Another vote for Helen Simpson - Hey Yeah Right Get a Life.

MegBusset Wed 10-Jul-13 21:53:11

I came on to say The Hand That First Held Mine, mentioned already upthread.

ercolercol Mon 15-Jul-13 20:13:23

Helen Simpson - Hey Yeah Right Get a Life. Fantastic book. Really showed me before kids just how unfair the whole 'man goes to work, woman stays at home' thing is, and made me be very clear about child rearing / housework / cooking with dh before we had kids.

The bit where the mum sits at a client dinner and mindlessly repeats 'the wheels on the bus' - the most scary thing I have ever read in a book.

Lurleene Mon 15-Jul-13 20:20:07

I love all Ann Tyler's books, but Ladder of Years is my absolute favourite. It is all about a mother who walks away from her family on an impulse, and how she rediscovers herself.
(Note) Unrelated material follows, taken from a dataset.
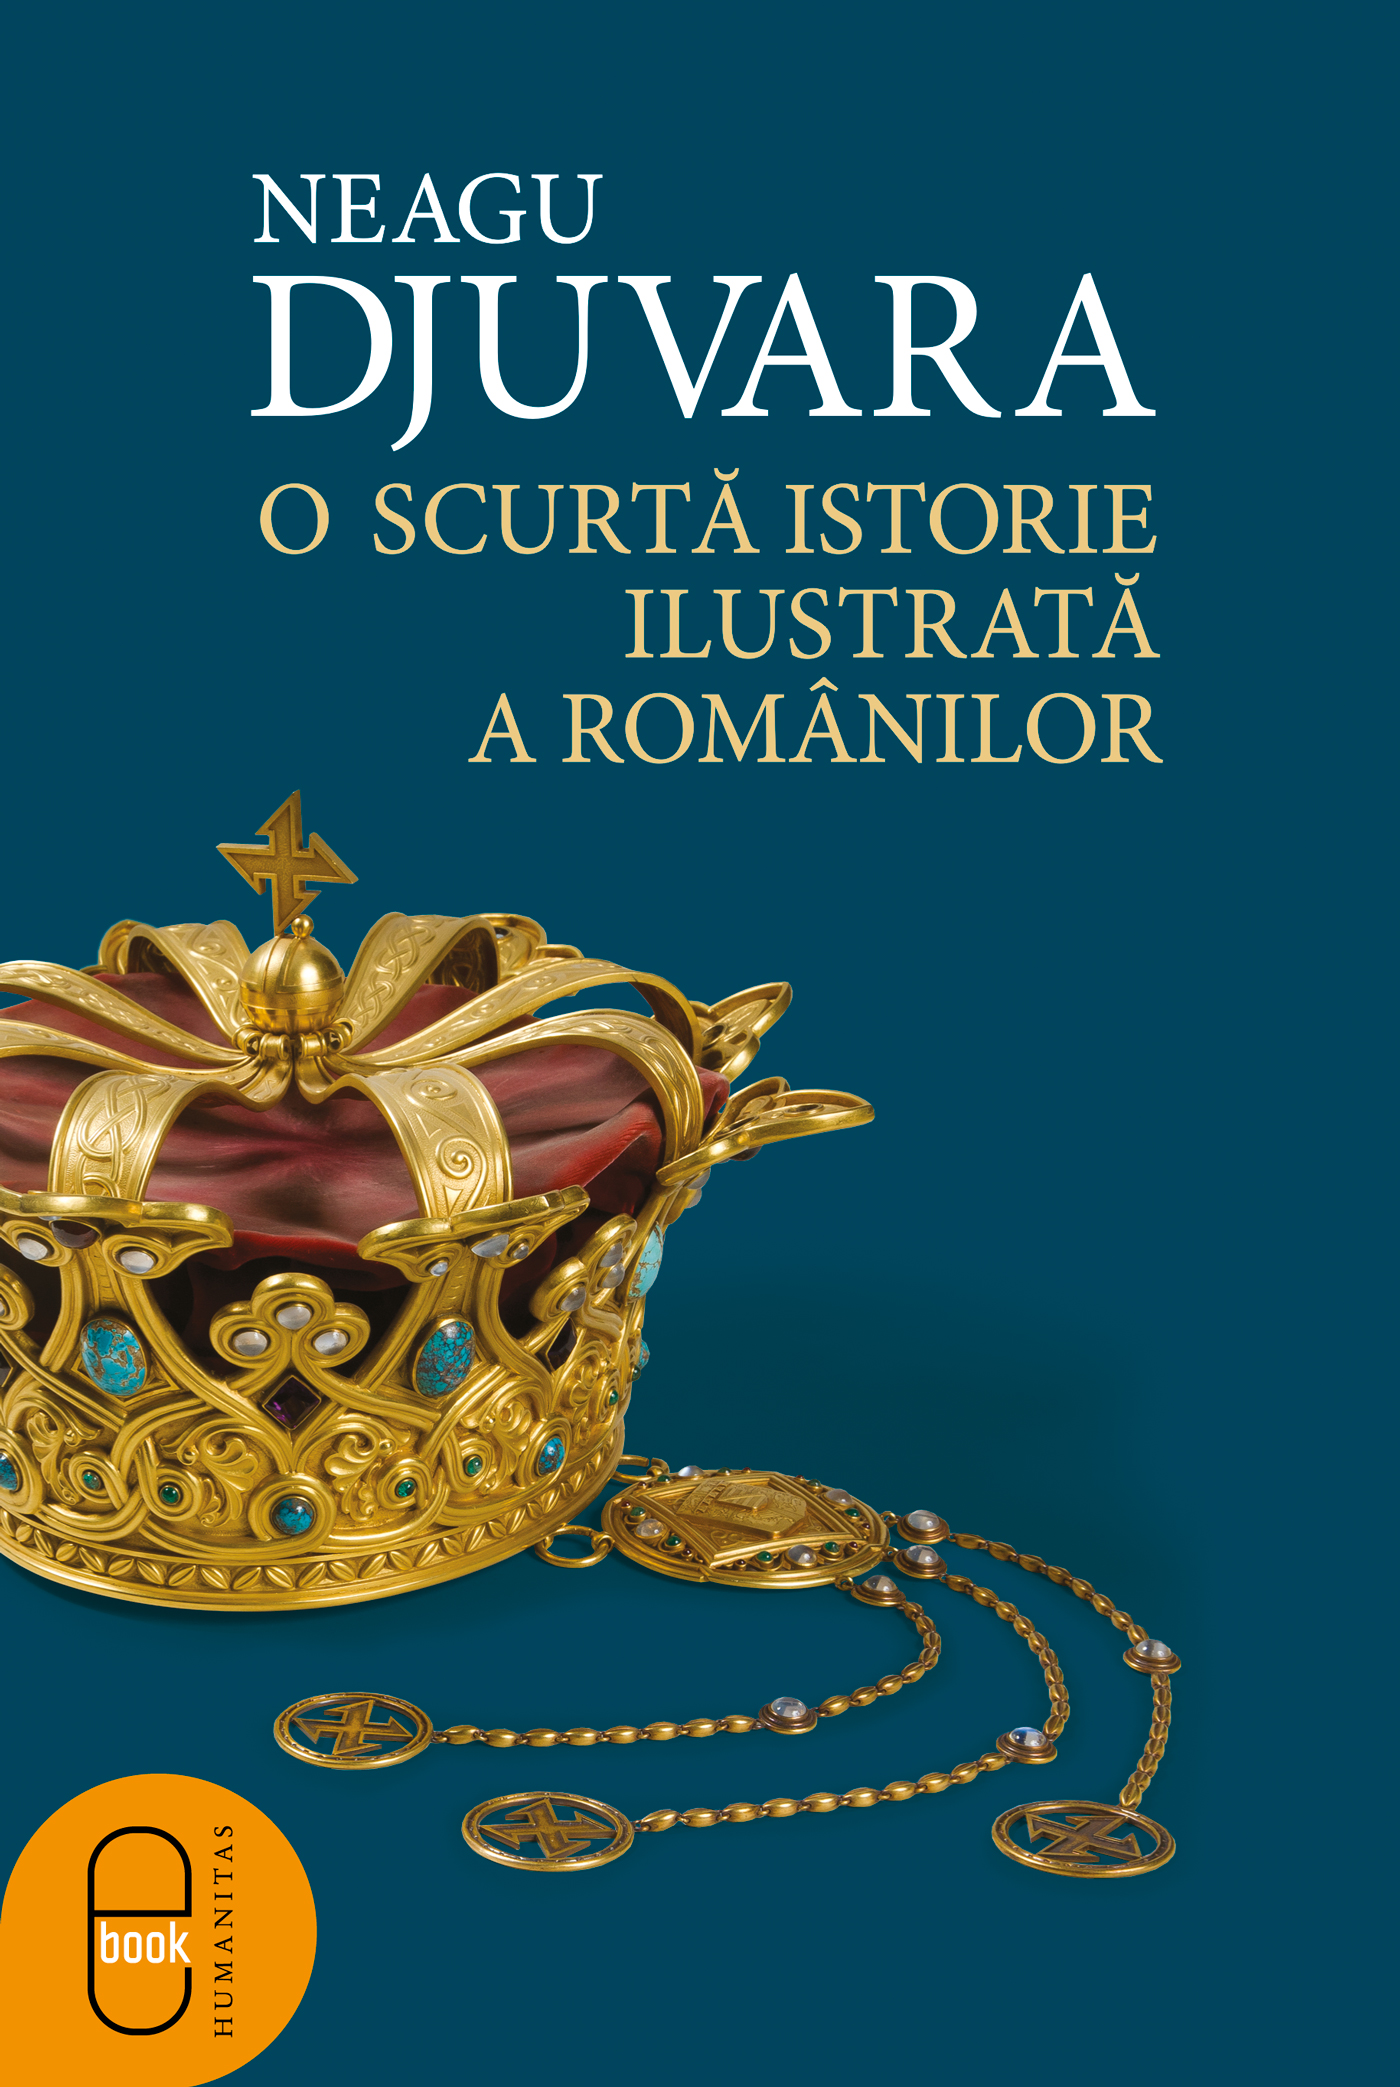 eBook O scurta istorie ilustrata a romanilor - Neagu Djuvara

Lurleene Mon 15-Jul-13 20:20:57

Sorry, Anne with an e Tyler.

LucyTheValiant Tue 16-Jul-13 13:46:50

Have you read The Birth of Love? It's not just about childrearing - set in three timezones, one historical, one present, one dystopian. But it's very good, and the 'present' (with a mother about to give birth to her second child) sounds like it's what you're looking for.